BlackBerry is laying off more workers as the company tries to adapt to the modern smartphone environment.

The Canadian phone maker has confirmed that 200 jobs at its hometown headquarters in Ontario as well as its base in Florida as it looks to cut costs as part of a long-standing reinvention.

The Florida cuts will affect 75 workers in BlackBerry’s manufacturing business, according to a local government website, with the cuts in Ontario reportedly hitting workers involved with the company’s BB10 smartphone software platform, Reuters reported.

This includes Gary Klassen, one of BlackBerry’s longest-lasting employees and the inventor of its BBM messaging service, who the company confirmed had departed in the latest round of cuts.

Turnaround

blackberry priv“As BlackBerry continues to execute its turnaround plan, we remain focused on driving efficiencies across our global workforce,” BlackBerry said in a statement, although it did not say what percentage of its business was affected by the cuts.

The company last downsized its workforce in July 2015, when it confirmed that “some employees” had lost their jobs as part of its ongoing restructuring process and efforts to refocus on security and management tools.

This followed an earlier round of layoffs two months previously, when an ‘undisclosed number’ of employees lost their jobs as part of refocusing efforts, which in recent months have seen BlackBerry release its first ever Android-powered device, the Priv (pictured above).
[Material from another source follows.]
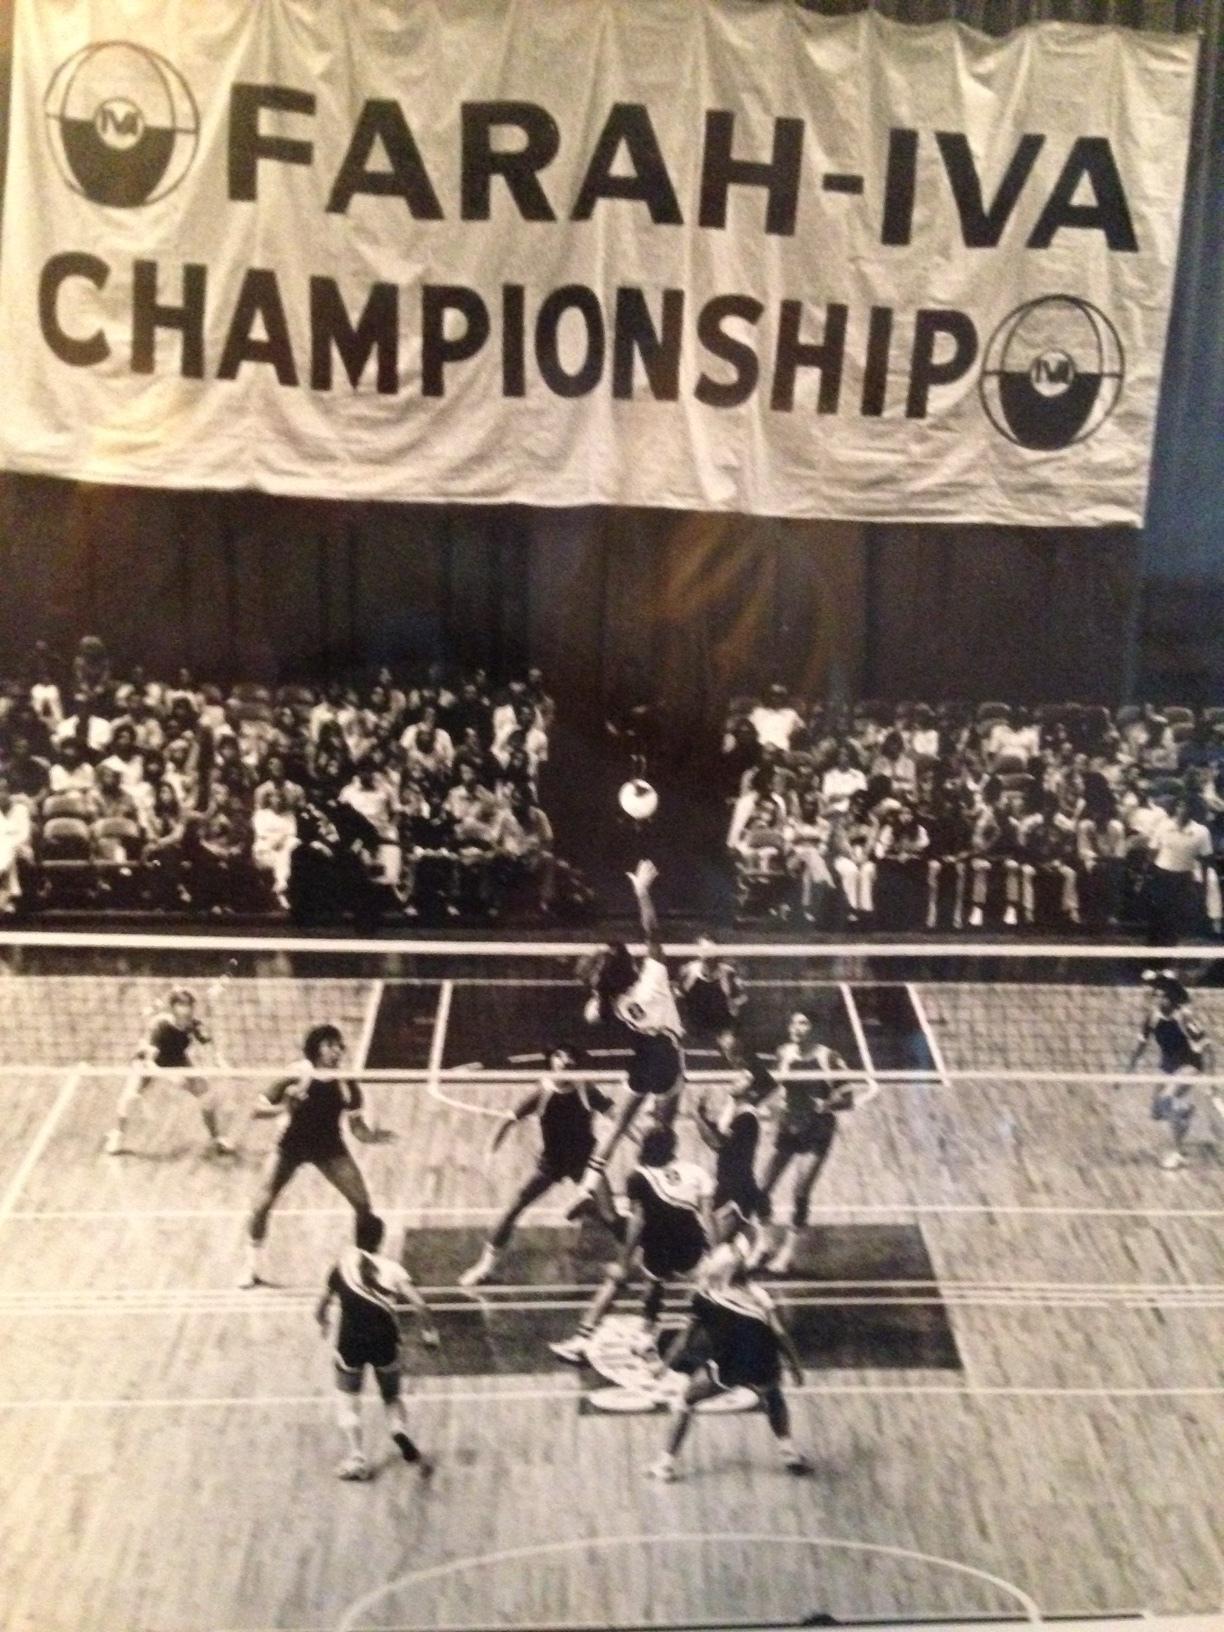 IVA 1975 Championship Match - Los Angeles Stars versus San Diego Breakers

A report in February 2015 found that BlackBerry had about 6,225 full-time employees, according to its website, although it’s not known what this number will fall to following these latest cuts.

The company’s most recent financial results, released back in December, found that the company posted a smaller than expected loss, with CEO John Chen confident that its service-focused strategy and devices running Android can help it continue its recovery.